··· Available data

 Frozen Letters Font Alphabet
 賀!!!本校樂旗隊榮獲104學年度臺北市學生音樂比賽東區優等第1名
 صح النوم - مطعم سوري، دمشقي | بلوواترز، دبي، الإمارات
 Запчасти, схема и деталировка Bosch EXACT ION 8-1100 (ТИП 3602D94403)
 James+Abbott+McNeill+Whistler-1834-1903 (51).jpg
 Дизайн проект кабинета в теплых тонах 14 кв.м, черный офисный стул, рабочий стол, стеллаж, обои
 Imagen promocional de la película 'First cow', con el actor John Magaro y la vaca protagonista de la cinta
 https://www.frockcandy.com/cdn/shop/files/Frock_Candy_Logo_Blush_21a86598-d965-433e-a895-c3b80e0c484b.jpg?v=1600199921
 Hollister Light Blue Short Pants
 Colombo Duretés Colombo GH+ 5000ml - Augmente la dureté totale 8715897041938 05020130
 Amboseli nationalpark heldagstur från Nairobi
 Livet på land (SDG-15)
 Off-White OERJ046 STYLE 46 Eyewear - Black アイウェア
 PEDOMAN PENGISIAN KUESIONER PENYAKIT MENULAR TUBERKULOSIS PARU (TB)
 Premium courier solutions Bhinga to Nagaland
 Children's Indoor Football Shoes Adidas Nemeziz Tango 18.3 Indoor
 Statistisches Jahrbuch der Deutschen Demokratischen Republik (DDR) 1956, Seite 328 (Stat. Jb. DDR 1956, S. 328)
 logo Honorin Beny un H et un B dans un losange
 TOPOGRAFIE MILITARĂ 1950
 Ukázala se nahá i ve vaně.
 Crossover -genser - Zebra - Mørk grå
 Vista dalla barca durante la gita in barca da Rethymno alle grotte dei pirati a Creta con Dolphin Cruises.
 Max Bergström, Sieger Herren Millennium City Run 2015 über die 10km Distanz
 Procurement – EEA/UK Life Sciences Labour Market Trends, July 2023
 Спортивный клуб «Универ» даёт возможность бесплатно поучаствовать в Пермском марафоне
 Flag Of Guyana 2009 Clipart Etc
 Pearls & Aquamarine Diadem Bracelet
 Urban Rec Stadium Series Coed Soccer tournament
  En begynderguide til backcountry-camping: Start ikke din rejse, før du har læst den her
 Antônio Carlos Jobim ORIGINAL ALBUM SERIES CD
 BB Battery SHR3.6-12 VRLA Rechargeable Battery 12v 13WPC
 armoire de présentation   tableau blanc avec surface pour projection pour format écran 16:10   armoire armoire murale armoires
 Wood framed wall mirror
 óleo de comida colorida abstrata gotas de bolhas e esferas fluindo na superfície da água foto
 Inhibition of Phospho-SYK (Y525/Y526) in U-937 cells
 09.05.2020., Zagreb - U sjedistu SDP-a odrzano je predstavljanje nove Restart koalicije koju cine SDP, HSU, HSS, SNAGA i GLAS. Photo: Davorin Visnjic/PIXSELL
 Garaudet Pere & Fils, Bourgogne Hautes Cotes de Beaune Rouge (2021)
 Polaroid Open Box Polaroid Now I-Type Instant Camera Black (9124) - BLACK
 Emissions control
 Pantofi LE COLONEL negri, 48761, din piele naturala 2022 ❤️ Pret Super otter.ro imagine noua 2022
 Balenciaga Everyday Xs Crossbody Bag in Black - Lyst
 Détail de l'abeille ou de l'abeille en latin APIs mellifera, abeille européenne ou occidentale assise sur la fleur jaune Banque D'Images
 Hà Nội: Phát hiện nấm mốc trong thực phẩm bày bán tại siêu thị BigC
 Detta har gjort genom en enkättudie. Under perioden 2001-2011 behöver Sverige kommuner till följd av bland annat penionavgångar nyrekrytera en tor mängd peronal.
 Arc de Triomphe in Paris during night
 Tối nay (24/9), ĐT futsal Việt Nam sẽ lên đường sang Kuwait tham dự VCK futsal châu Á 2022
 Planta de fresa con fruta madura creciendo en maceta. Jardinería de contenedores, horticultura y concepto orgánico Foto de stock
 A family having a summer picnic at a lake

······

- **Exercise details**
Word for word, give the records again.

- **Exercise solution**
 Frozen Letters Font Alphabet
 賀!!!本校樂旗隊榮獲104學年度臺北市學生音樂比賽東區優等第1名
 صح النوم - مطعم سوري، دمشقي | بلوواترز، دبي، الإمارات
 Запчасти, схема и деталировка Bosch EXACT ION 8-1100 (ТИП 3602D94403)
 James+Abbott+McNeill+Whistler-1834-1903 (51).jpg
 Дизайн проект кабинета в теплых тонах 14 кв.м, черный офисный стул, рабочий стол, стеллаж, обои
 Imagen promocional de la película 'First cow', con el actor John Magaro y la vaca protagonista de la cinta
 https://www.frockcandy.com/cdn/shop/files/Frock_Candy_Logo_Blush_21a86598-d965-433e-a895-c3b80e0c484b.jpg?v=1600199921
 Hollister Light Blue Short Pants
 Colombo Duretés Colombo GH+ 5000ml - Augmente la dureté totale 8715897041938 05020130
 Amboseli nationalpark heldagstur från Nairobi
 Livet på land (SDG-15)
 Off-White OERJ046 STYLE 46 Eyewear - Black アイウェア
 PEDOMAN PENGISIAN KUESIONER PENYAKIT MENULAR TUBERKULOSIS PARU (TB)
 Premium courier solutions Bhinga to Nagaland
 Children's Indoor Football Shoes Adidas Nemeziz Tango 18.3 Indoor
 Statistisches Jahrbuch der Deutschen Demokratischen Republik (DDR) 1956, Seite 328 (Stat. Jb. DDR 1956, S. 328)
 logo Honorin Beny un H et un B dans un losange
 TOPOGRAFIE MILITARĂ 1950
 Ukázala se nahá i ve vaně.
 Crossover -genser - Zebra - Mørk grå
 Vista dalla barca durante la gita in barca da Rethymno alle grotte dei pirati a Creta con Dolphin Cruises.
 Max Bergström, Sieger Herren Millennium City Run 2015 über die 10km Distanz
 Procurement – EEA/UK Life Sciences Labour Market Trends, July 2023
 Спортивный клуб «Универ» даёт возможность бесплатно поучаствовать в Пермском марафоне
 Flag Of Guyana 2009 Clipart Etc
 Pearls & Aquamarine Diadem Bracelet
 Urban Rec Stadium Series Coed Soccer tournament
  En begynderguide til backcountry-camping: Start ikke din rejse, før du har læst den her
 Antônio Carlos Jobim ORIGINAL ALBUM SERIES CD
 BB Battery SHR3.6-12 VRLA Rechargeable Battery 12v 13WPC
 armoire de présentation   tableau blanc avec surface pour projection pour format écran 16:10   armoire armoire murale armoires
 Wood framed wall mirror
 óleo de comida colorida abstrata gotas de bolhas e esferas fluindo na superfície da água foto
 Inhibition of Phospho-SYK (Y525/Y526) in U-937 cells
 09.05.2020., Zagreb - U sjedistu SDP-a odrzano je predstavljanje nove Restart koalicije koju cine SDP, HSU, HSS, SNAGA i GLAS. Photo: Davorin Visnjic/PIXSELL
 Garaudet Pere & Fils, Bourgogne Hautes Cotes de Beaune Rouge (2021)
 Polaroid Open Box Polaroid Now I-Type Instant Camera Black (9124) - BLACK
 Emissions control
 Pantofi LE COLONEL negri, 48761, din piele naturala 2022 ❤️ Pret Super otter.ro imagine noua 2022
 Balenciaga Everyday Xs Crossbody Bag in Black - Lyst
 Détail de l'abeille ou de l'abeille en latin APIs mellifera, abeille européenne ou occidentale assise sur la fleur jaune Banque D'Images
 Hà Nội: Phát hiện nấm mốc trong thực phẩm bày bán tại siêu thị BigC
 Detta har gjort genom en enkättudie. Under perioden 2001-2011 behöver Sverige kommuner till följd av bland annat penionavgångar nyrekrytera en tor mängd peronal.
 Arc de Triomphe in Paris during night
 Tối nay (24/9), ĐT futsal Việt Nam sẽ lên đường sang Kuwait tham dự VCK futsal châu Á 2022
 Planta de fresa con fruta madura creciendo en maceta. Jardinería de contenedores, horticultura y concepto orgánico Foto de stock
 A family having a summer picnic at a lake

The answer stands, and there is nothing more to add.